Wie findet man sich in dem Strom so zweideutiger Informationen zurecht und fischt die Körnchen Wahrheit daraus?
Das Wichtigste über Jasmin
Zunächst muss man verstehen, dass Jasmin eine immergrüne tropische Pflanze ist. Er gehört zur Familie der Ölbaumgewächse. Seine Blätter sind dick, ledrig und glänzend, wie die eines Ficus. Die Blüten sind weiß, duftend und haben 'fleischige' Blütenblätter. Aus ihnen wird das berühmte Jasminöl gewonnen, das in der gehobenen Kosmetik und Parfümerie verwendet wird. Sie werden auch zur Aromatisierung von hochwertigem grünem Tee genutzt. Chinesischer Tee kann grundsätzlich nicht mit Duftjasmin-Blüten aromatisiert werden, unabhängig von deren nützlichen Eigenschaften.
Derjenige, der kein Jasmin ist
Interessanterweise ist der Duftjasmin nicht einmal mit seinem tropischen Namensvetter verwandt. Der laubabwerfende Strauch gehört zur Familie der Hortensiengewächse und wächst in der gemäßigten Zone. Äußerlich ähneln sie sich kaum – das ist auf dem Foto unten gut zu sehen. Was die Pflanzen verbindet, ist der Blütenduft – süßlich, würzig, mit Noten von Erdbeere und Ananas.

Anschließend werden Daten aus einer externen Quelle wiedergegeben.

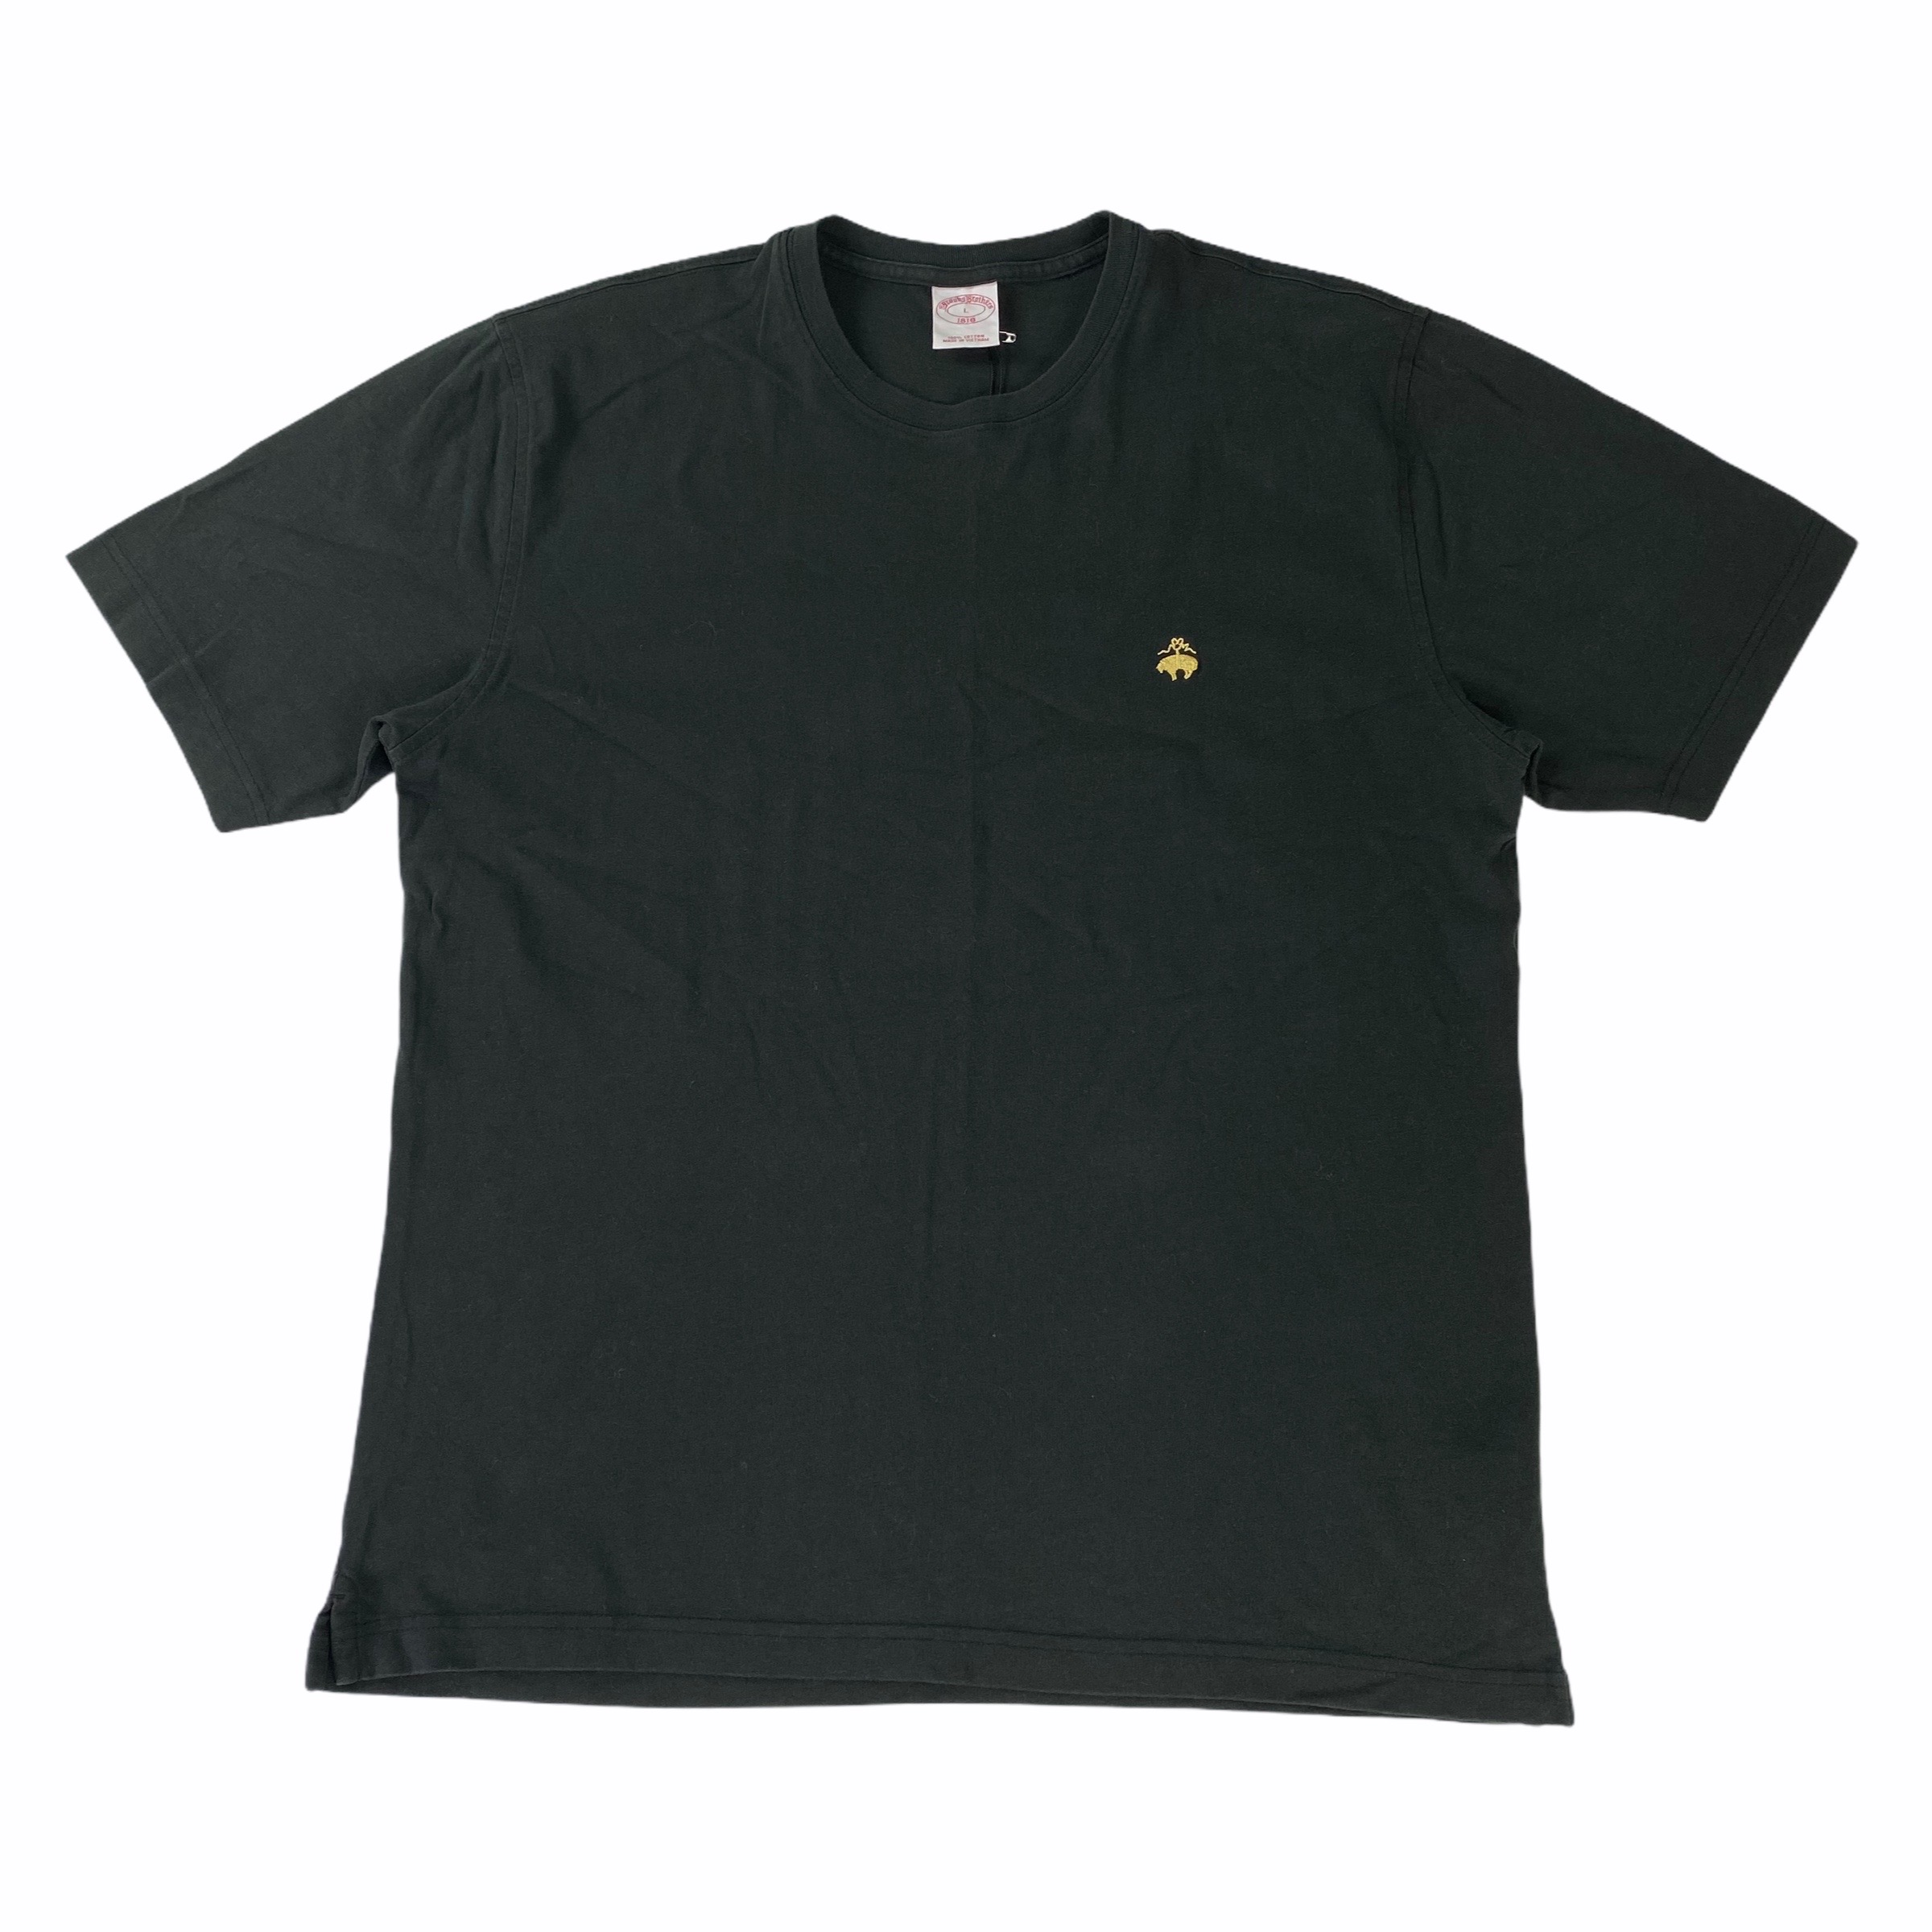 [Brooks Brothers] Black Tshirt - Size L

Der Duftjasmin enthält viele Cumarine – flüchtige Ester mit phytonziden Eigenschaften. Sie bilden die Grundlage der pflanzlichen Immunität und werden in konzentrierter Form in der Parfümerie, Seifenherstellung und als Duftstoffe in Cremes verwendet. Die Blütenblätter werden auch dem Tee beigefügt.
Interessant! Aufgrund des Cumaringehalts sind aromatische Extrakte aus Duftjasmin in den USA für die Verwendung in der Lebensmittelindustrie verboten. Es wird angenommen, dass diese Verbindung ein Allergen ist und krebserregende Eigenschaften besitzt.
Nützliche Eigenschaften des Duftjasmins
Der Duftjasmin gehört nicht zu den Arzneibuchpflanzen und auch nicht, streng genommen, zu den Heilpflanzen. Er ist wenig erforscht, und alles, was wir über die nützlichen Eigenschaften und Kontraindikationen des Duftjasmins wissen, ist das Ergebnis von Beobachtungen und der therapeutischen Praxis der Volksmedizin.
Zusammensetzung der Pflanze
In den Blüten und Blättern wurden bioaktive Verbindungen gefunden, die das therapeutische Potenzial der Pflanze bestimmen.
- Die ätherischen Öle, die dem Duftjasmin seinen angenehmen Duft verleihen, bestimmen seine entzündungshemmenden und schmerzlindernden Eigenschaften.
- Phytonzide (Cumarine u.a.) wirken bakterizid und verbessern die Regenerationsprozesse.
- Organische und aromatische Säuren (Ascorbinsäure, Salicylsäure) sind für die Aufrechterhaltung biochemischer Reaktionen und des Säure-Basen-Gleichgewichts im Körper erforderlich.
- Die Vitamine C, E, PP neutralisieren Oxidationsprozesse in den Zellen, verbessern die Blutbildung und wirken sich positiv auf den Stoffwechsel aus.
- In geringen Dosen enthält es Glykoside, die eine tonisierende und adaptogene Wirkung auf den Körper haben.
Alle diese Stoffe sind in der Pflanze in Mikrodosen enthalten und können bei einmaligem Verzehr weder eine heilende noch eine negative Wirkung entfalten. Um eine positive Wirkung zu spüren, wird empfohlen, den Blütenaufguss mindestens 2–3 Wochen lang zu trinken.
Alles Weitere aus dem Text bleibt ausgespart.